# USB Cable Length



## Moony_Lupin (Apr 11, 2010)

Me again!

I'm planning to run a USB cable from my control room to an outlet in my media room. The (perhaps embarrasing) reason for this is to link my USB microphones back to my Wii in the control room. My concern is what I've read about the length limitations of USB. 

My plan is to run the USB from the Wii, 10ish feet to a wall plate. There it will hit a powered hub that will connect to the mics.

The question is how will this USB run impact the signal/power? I've read that 15ft is the maximum for USB, but the run from the Wii to hub will be shorter than that, but the mic cords will run an additional 8ft or so. Will the powered hub make a difference? 

Does all of that make sense? Thanks.


----------



## mdrake (Jan 31, 2008)

I ran a 20 foot usb 1.1 with no problems. I don't think you will have any issues. 

Matt


----------



## kujomujo (Apr 24, 2010)

I've done a little research on USB cables, and apparently the USB specification limits the length of a cable between full speed devices to 5 meters (a little under 16 feet 5 inches). For a low speed device the limit is 3 meters (9 feet 10 inches).

It is recommended that if you want to go longer distances, you apparently can buy hubs and use 5 meter cables serially between them.

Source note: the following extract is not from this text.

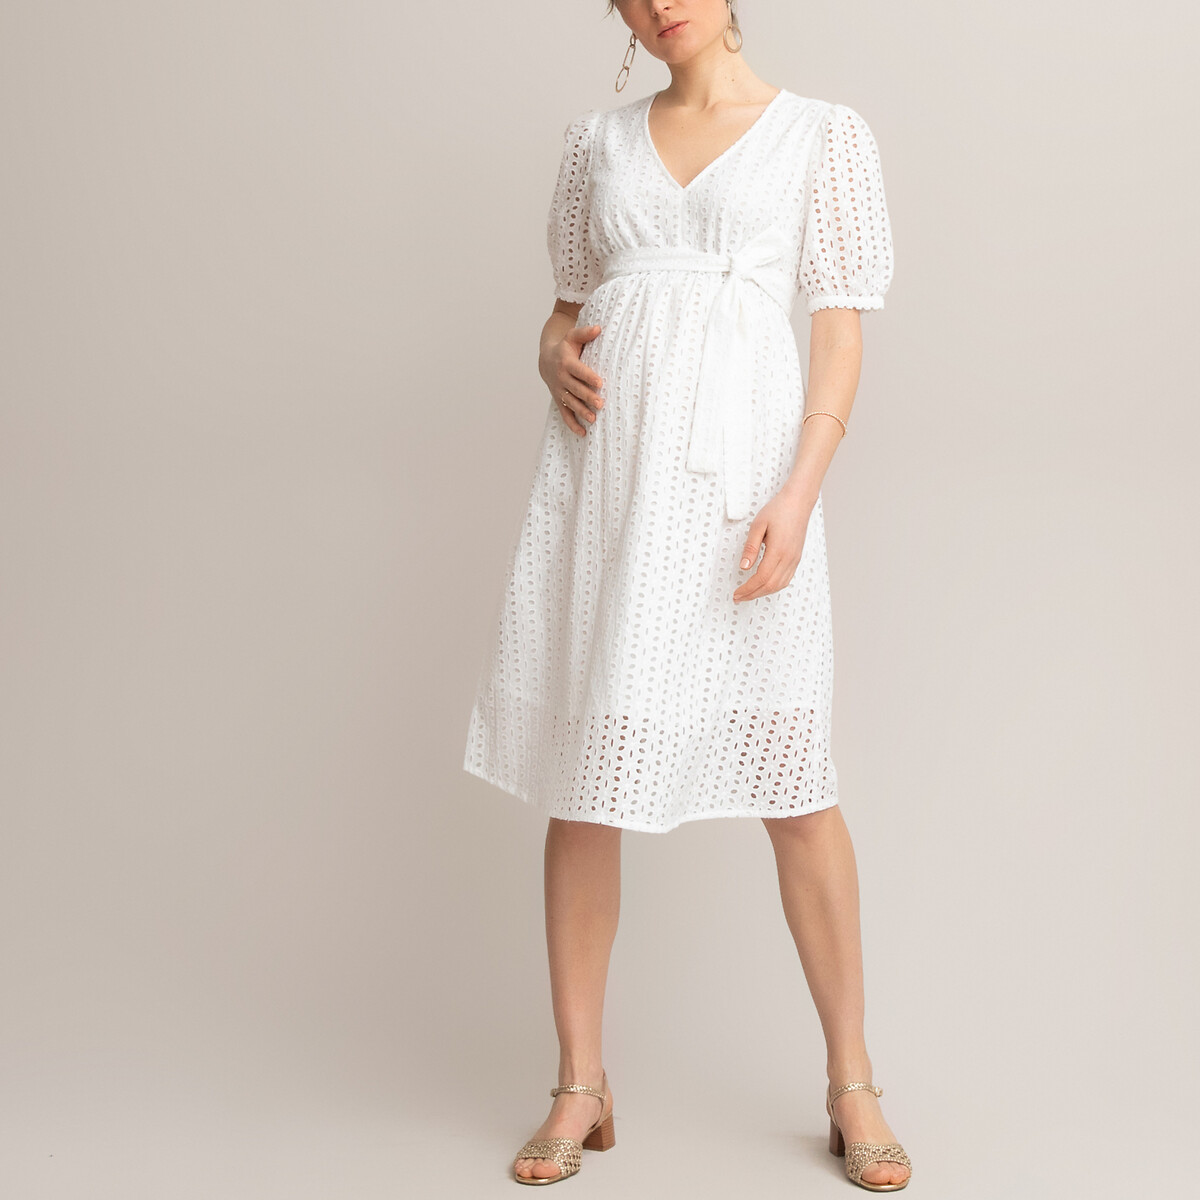 Платье LaRedoute Для периода беременности с ремешком из английской вышивки 46 (FR) - 52 (RUS) белый, размер 46 (FR) - 52 (RUS) Для периода беременности с ремешком из английской вышивки 46 (FR) - 52 (RUS) белый - фото 1

Now of course this doesn't mean that you can't go out and buy a 20 ft cable like the guy above me... it's just what the specification says.

KM
www.myhometheatersecrets.com


----------



## 1hagop (Apr 13, 2010)

You could always do this....
http://www.monoprice.com/products/p...=10303&cs_id=1030304&p_id=6042&seq=1&format=2


----------



## Mike P. (Apr 6, 2007)

Or use repeater cables.

http://www.usbgear.com/usb_repeater_cable/


----------



## Moony_Lupin (Apr 11, 2010)

1hagop said:


> You could always do this....
> http://www.monoprice.com/products/p...=10303&cs_id=1030304&p_id=6042&seq=1&format=2


I like that possibility, but it's only 1.1 not 2.0. I like the thought of using cat6, but I need USB 2.0.

The repeater cable sounds like a better option.


----------